> _To do_
Every line below is to be copied exactly, with the pictures left out.

> _Supplied data_
=== Begin Enclosure ===
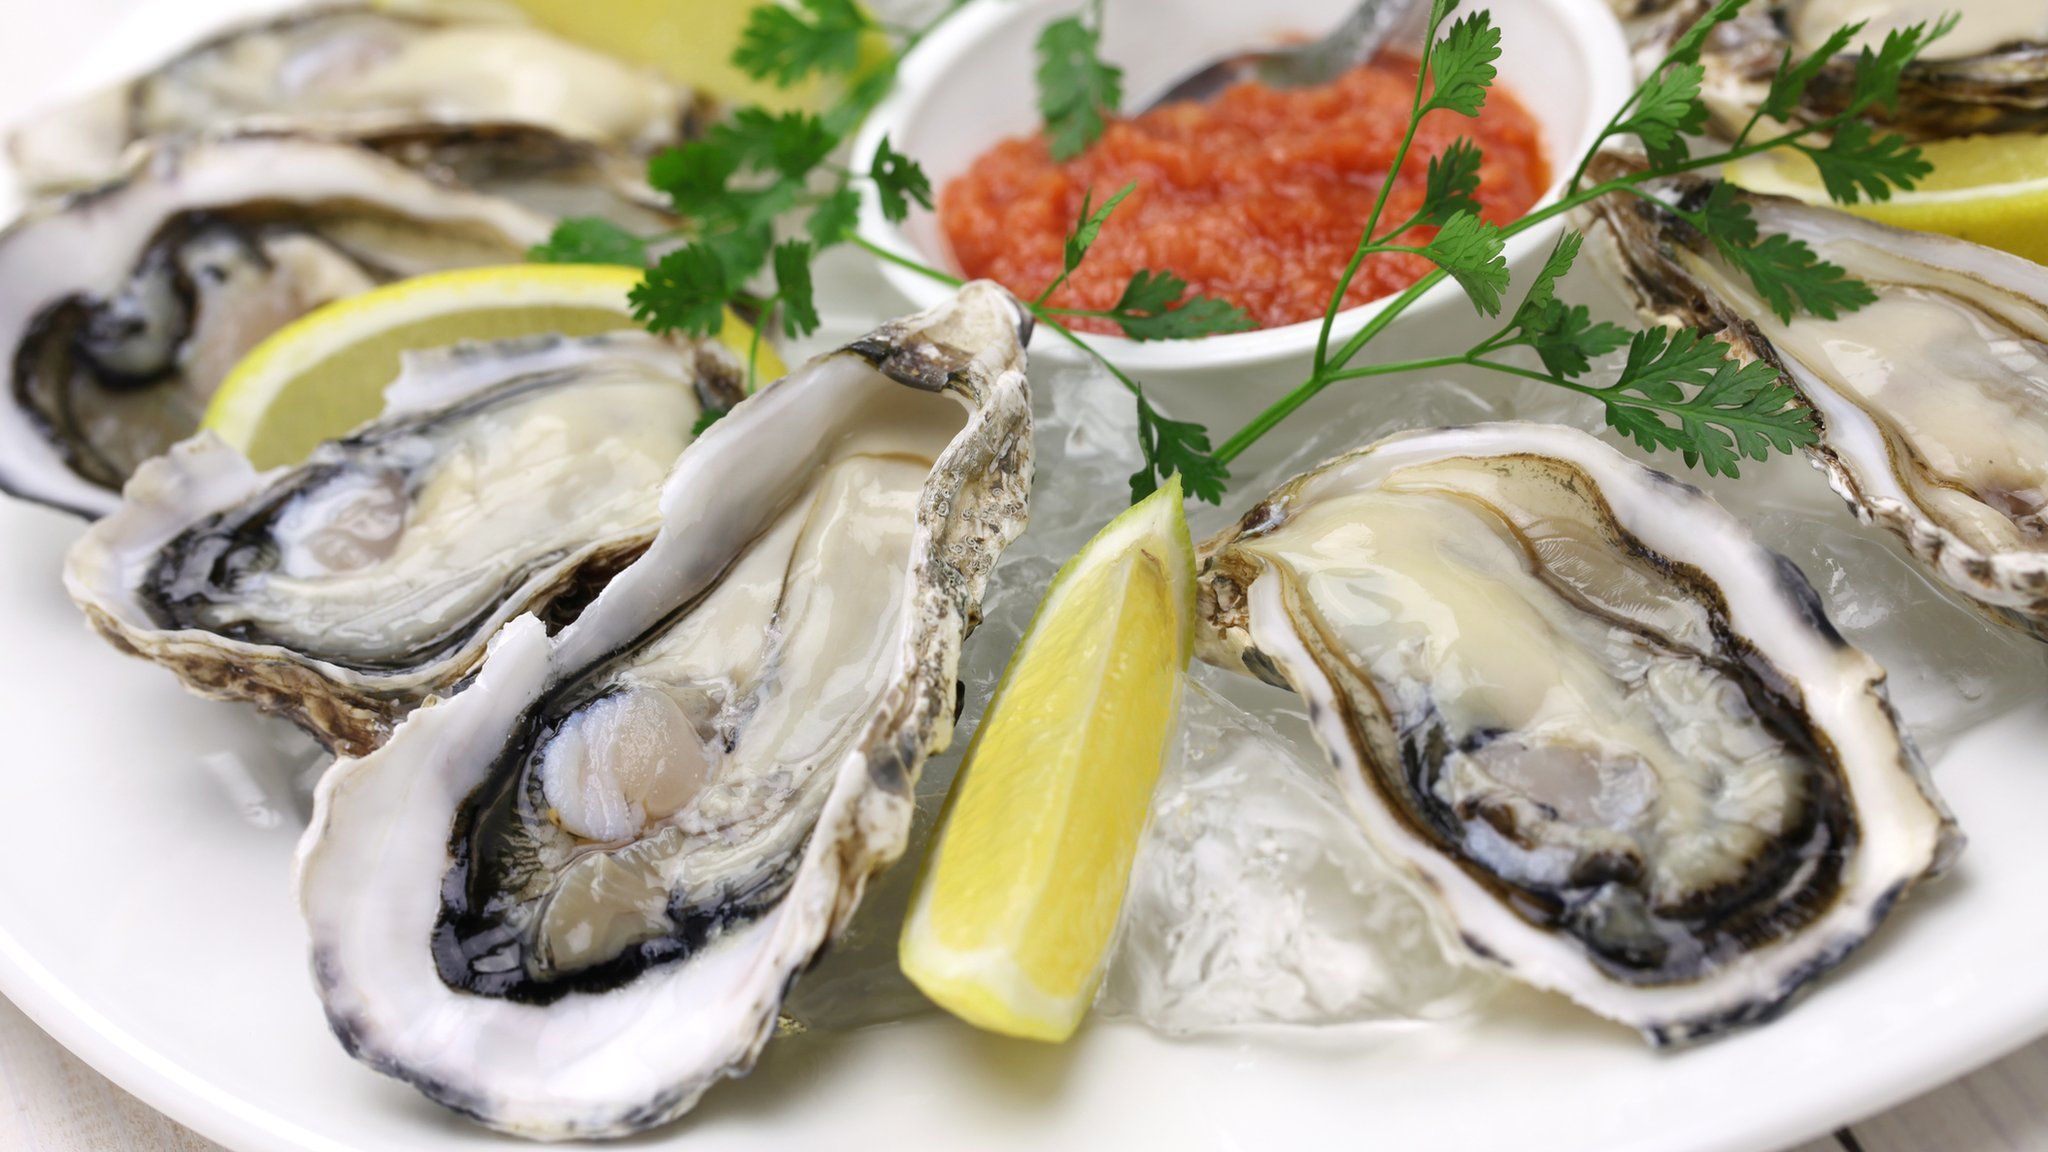 A dish of oysters
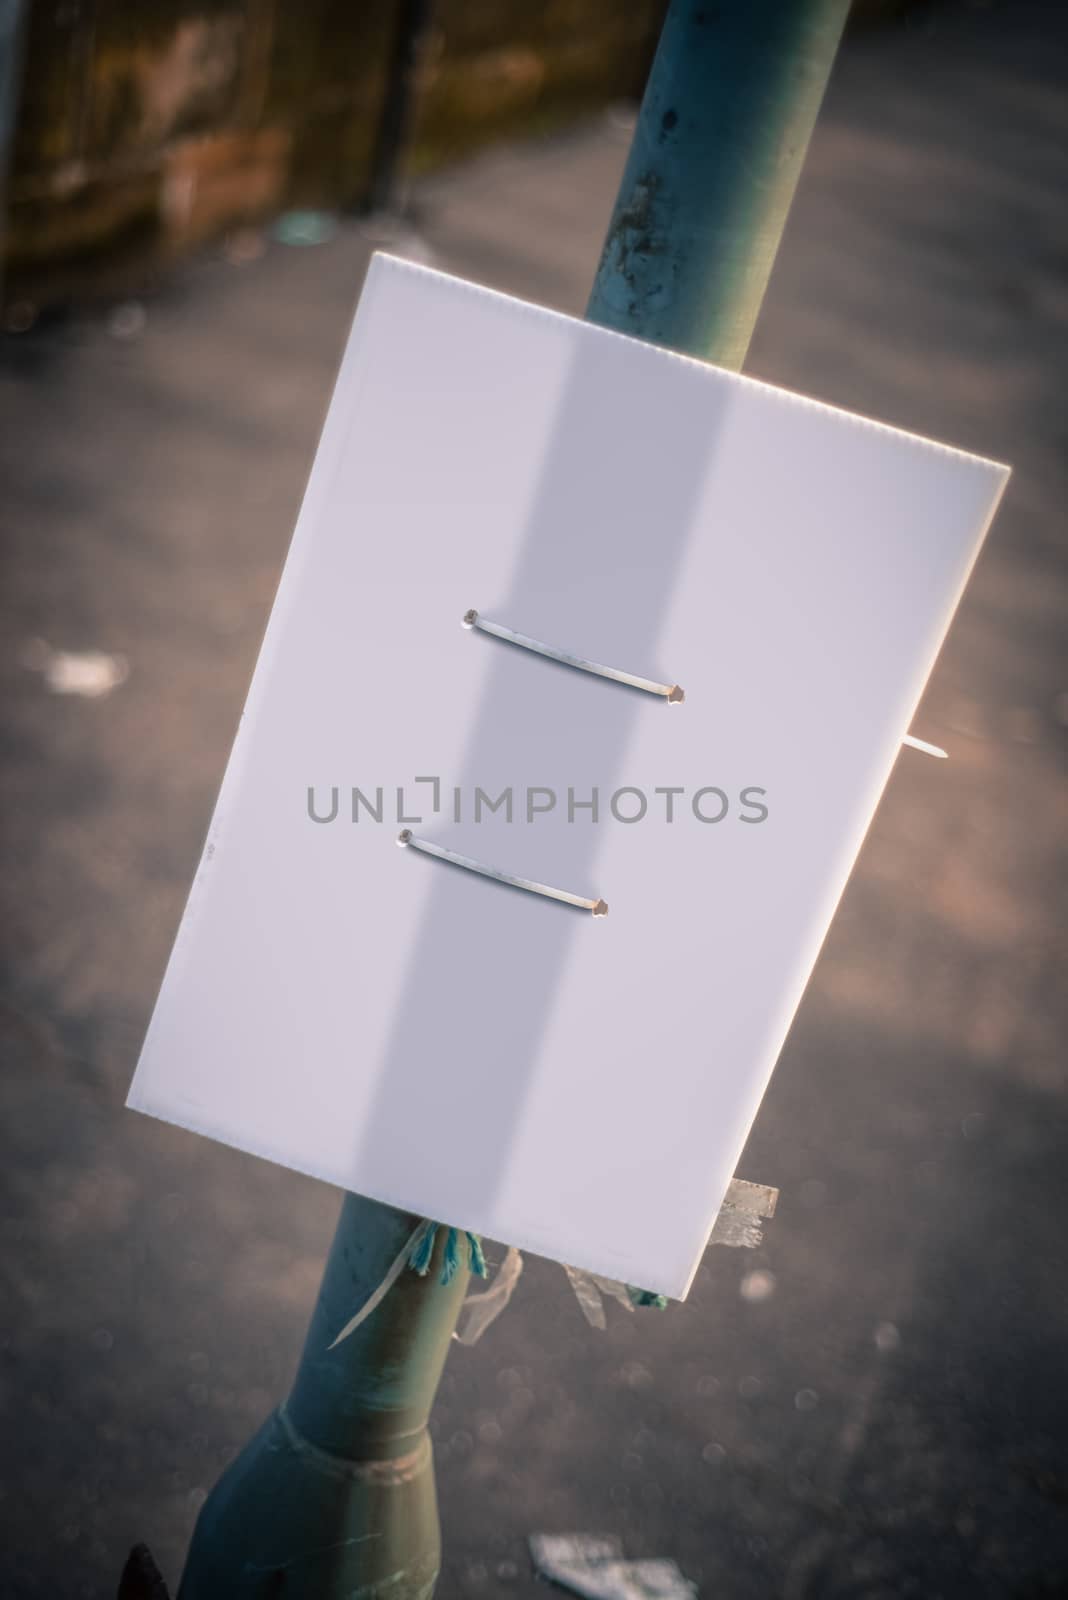 Retro Grungy Street Sign On A Lamppost Blank For Your Text
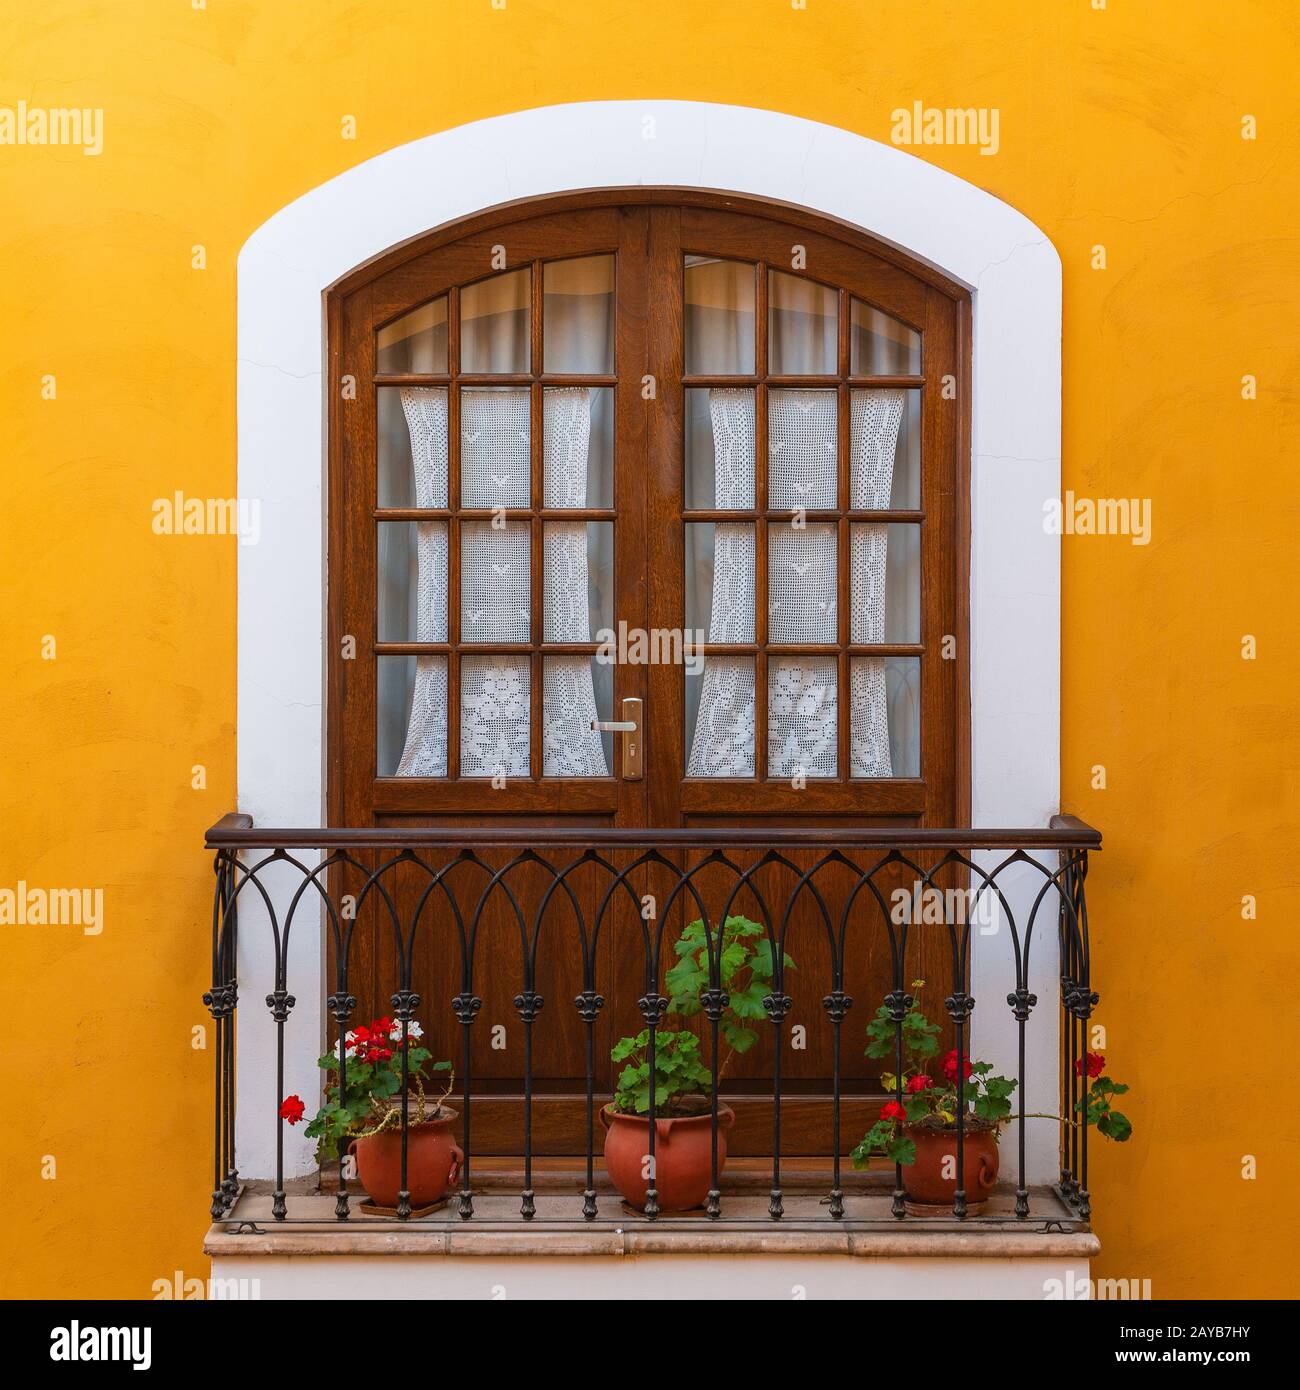 Balcony in the city center of Sucre city decorated with flowers and a yellow colonial style facade, Bolivia. Stock Photo
=== End Enclosure ===
> _Exercise result_
 A dish of oysters
 Retro Grungy Street Sign On A Lamppost Blank For Your Text
 Balcony in the city center of Sucre city decorated with flowers and a yellow colonial style facade, Bolivia. Stock Photo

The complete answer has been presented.